There was a family who all lived in two rooms: mother, father, children, grandchildren. They complained about the noise and chaos to their master. The master commanded them to bring their farm animals into the house with them as well.  After a week, the head of the household went to the master loudly lamenting the stink, mess, dirtiness and noise of the household with the animals in it.  The master told them to let the animals out, and suddenly the household seemed much more quiet and peaceful and clean.
It is in our human nature to sometimes only learn what we have when are in danger of losing it: this applies to people in our lives, our health, our jobs, and all sorts of abundance.  But Jesus is saying to us that God is looking for an attitude that pays attention to all the gifts surrounding us all the time, not just when we are about to lose them.

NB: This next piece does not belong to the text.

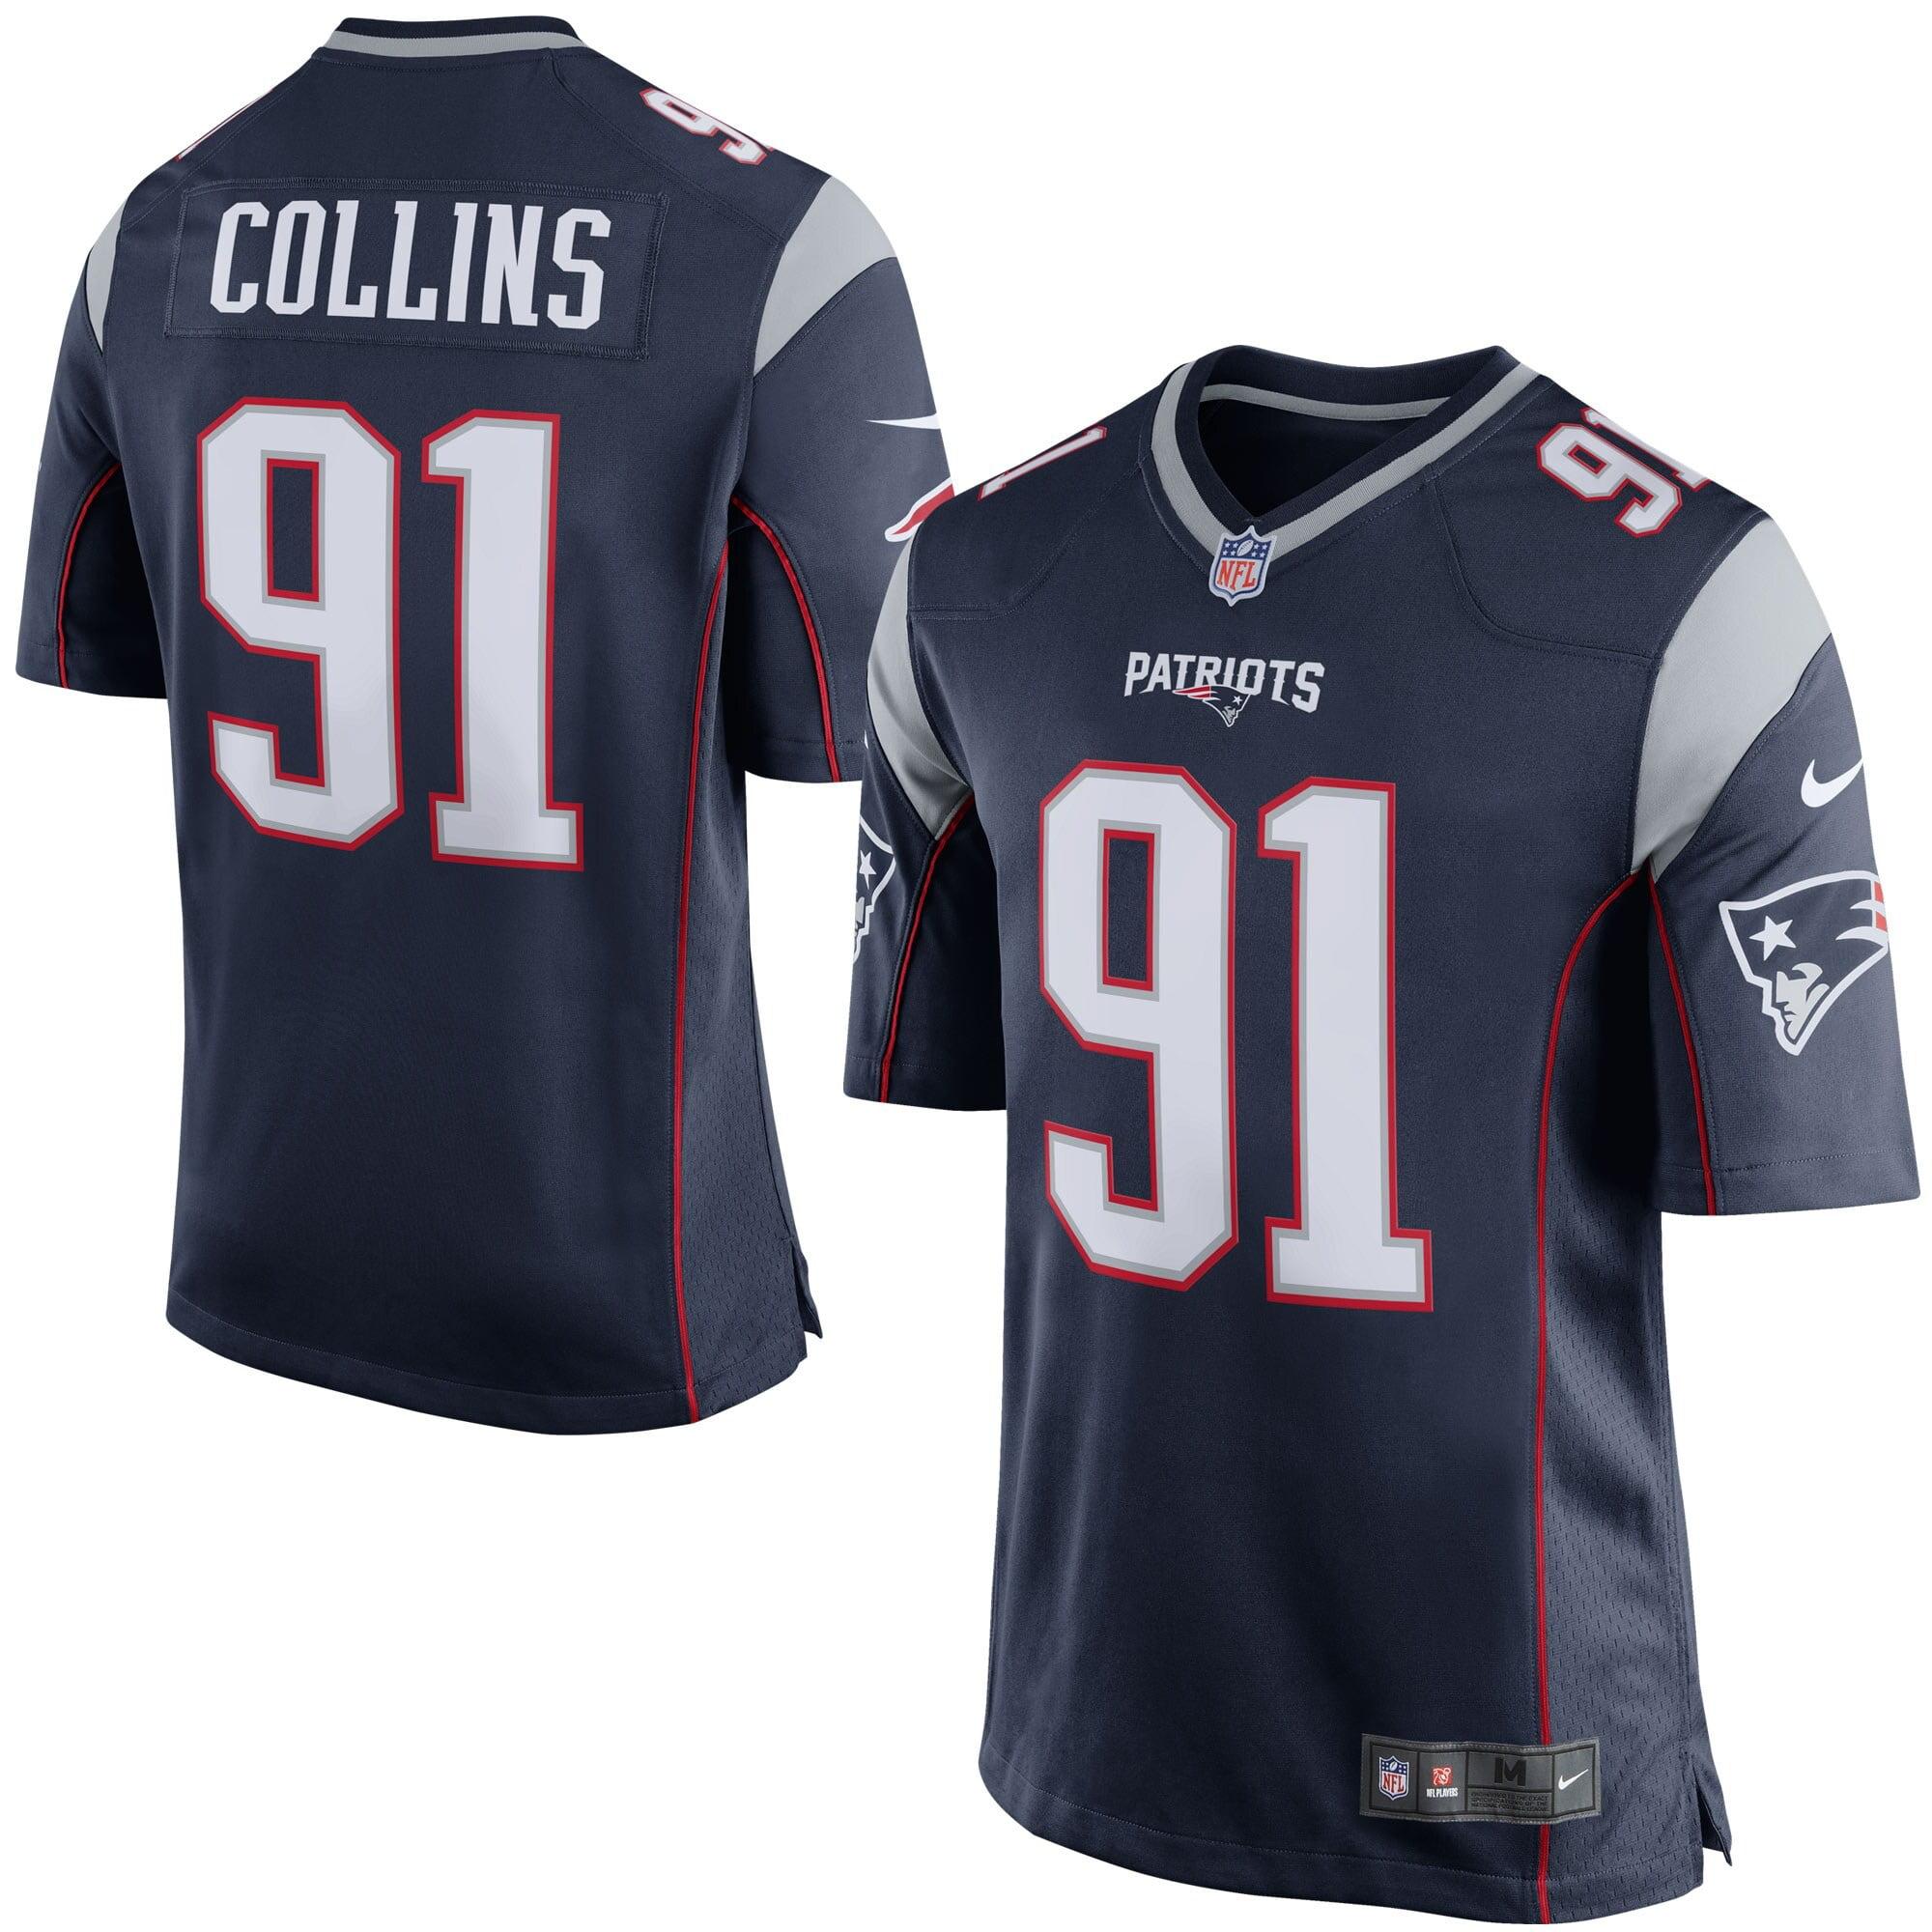 Jamie Collins New England Patriots Nike Game Jersey - Navy Blue - Walmart.com

The image of God is all around us, beckoning us to regard it as God among us, to treasure these things and people that give us life as gifts from the God of grace.  If you want, you can cultivate the mind of gratitude, find peace in your situation, not by denying that something may be wrong, but by focusing more energy on what is right.
So I encourage you to consider the gifts from God in your life.  To make a concerted effort to improve your relationship with God by acknowledging God’s sovereignty and grace.  To make your Christianity one of pointing to contentment with your situation, to be peaceful with yourself and with God, and to cultivate the mind that looks for grace abounding around you.
God asks for nothing in return for the grace bestowed upon us, but a grateful heart. Return to God what is God’s, Jesus says today—give grace back to God not because it is required but it what a grateful heart does.